## Work order
Within the listing that follows, reproduce exactly the lines starting at the line with "Fotos Hana Jirickova nudes (96 photos), Hot" and ending at the line with "article_checkout", inclusive, and only those. Pictures are dropped.

## Dataset entries
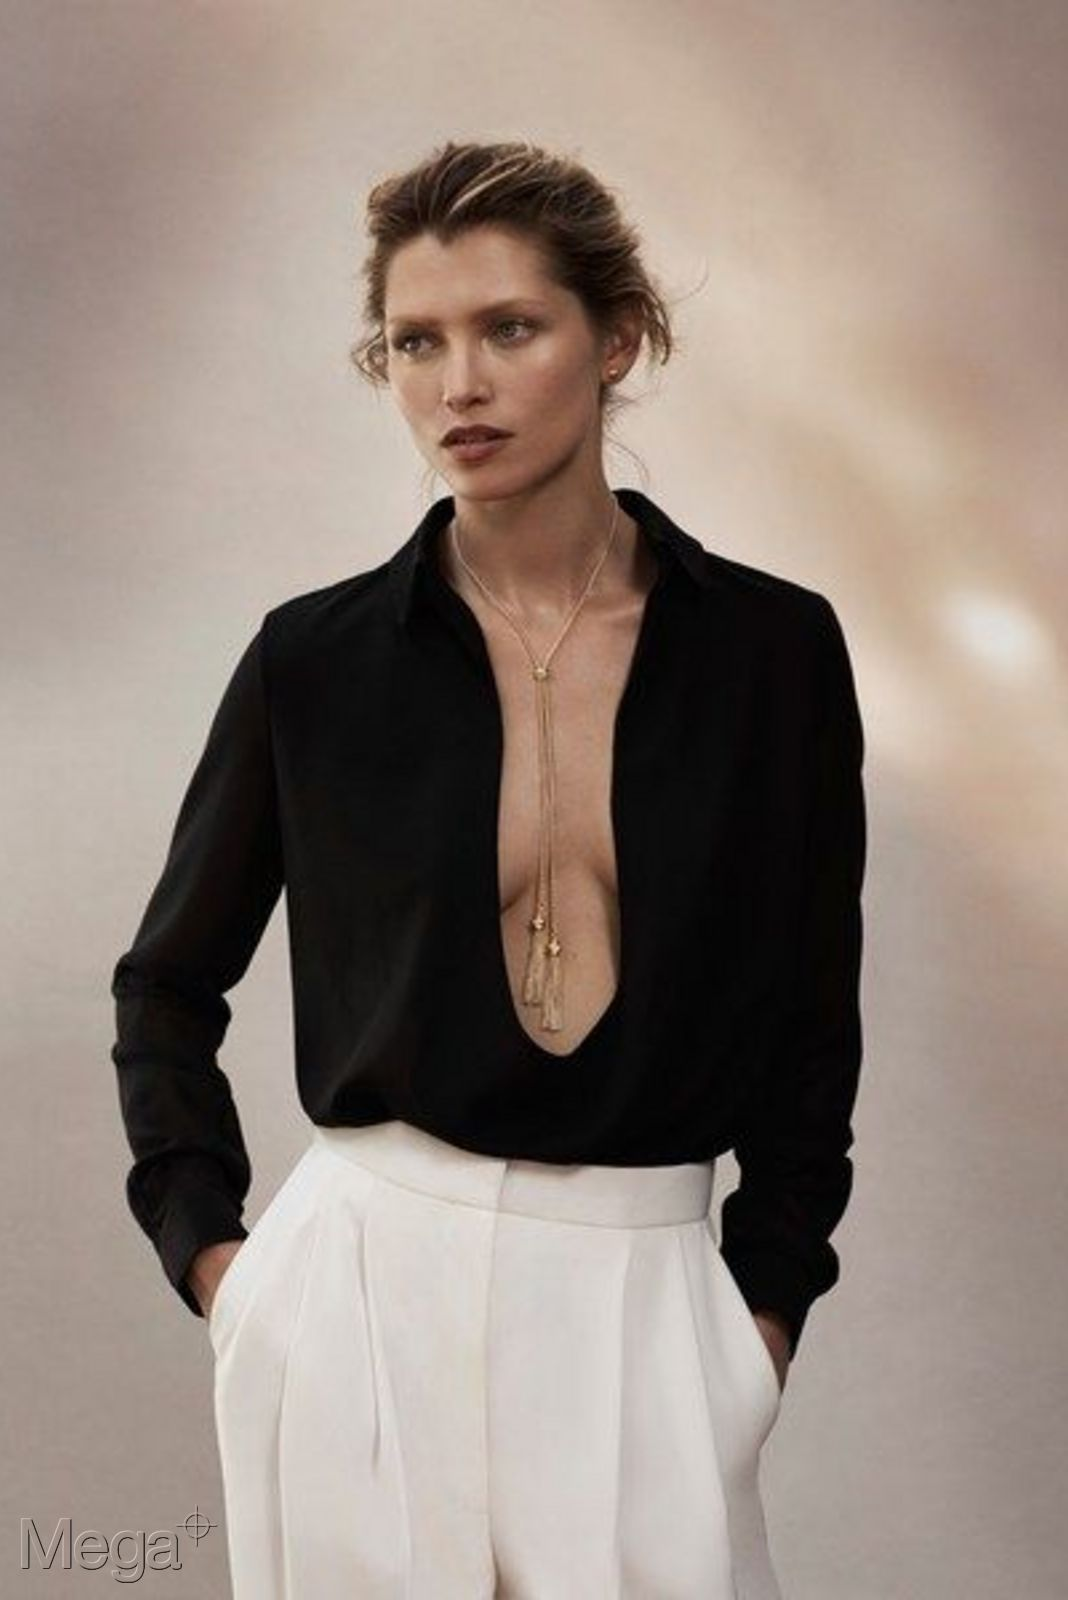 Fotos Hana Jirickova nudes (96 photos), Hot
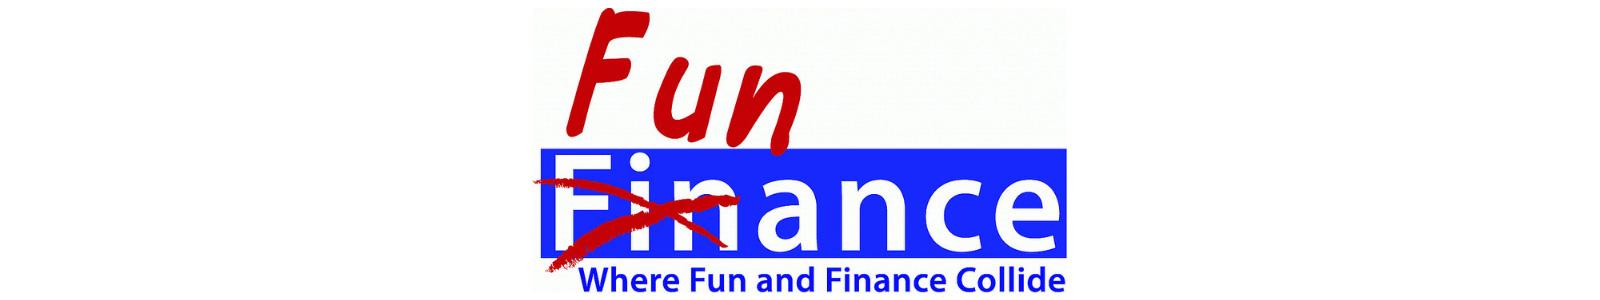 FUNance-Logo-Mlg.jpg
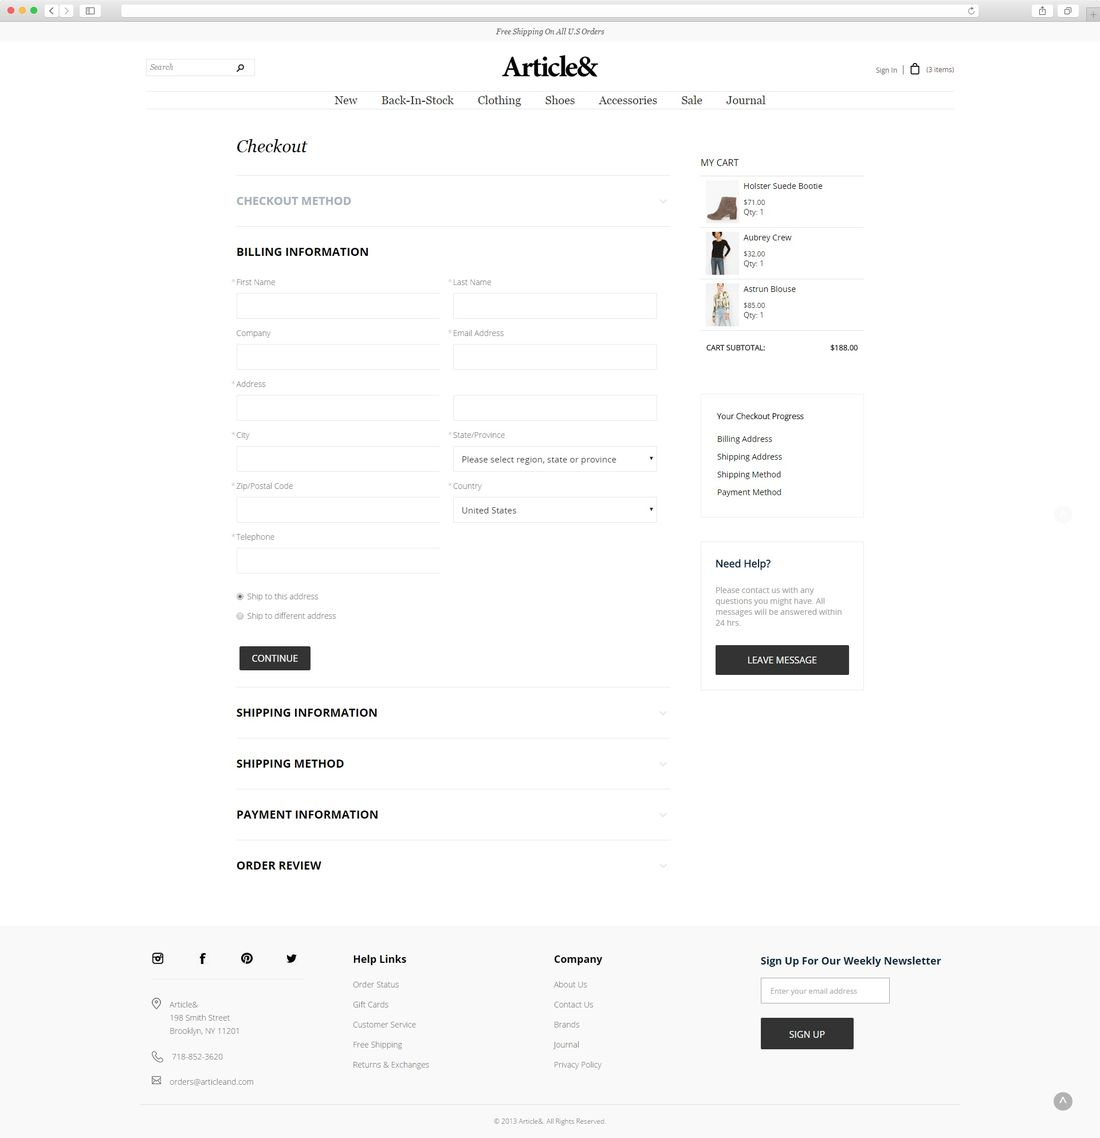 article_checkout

---

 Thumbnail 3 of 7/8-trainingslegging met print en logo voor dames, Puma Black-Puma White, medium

## Response for this exercise
 Fotos Hana Jirickova nudes (96 photos), Hot
 FUNance-Logo-Mlg.jpg
 article_checkout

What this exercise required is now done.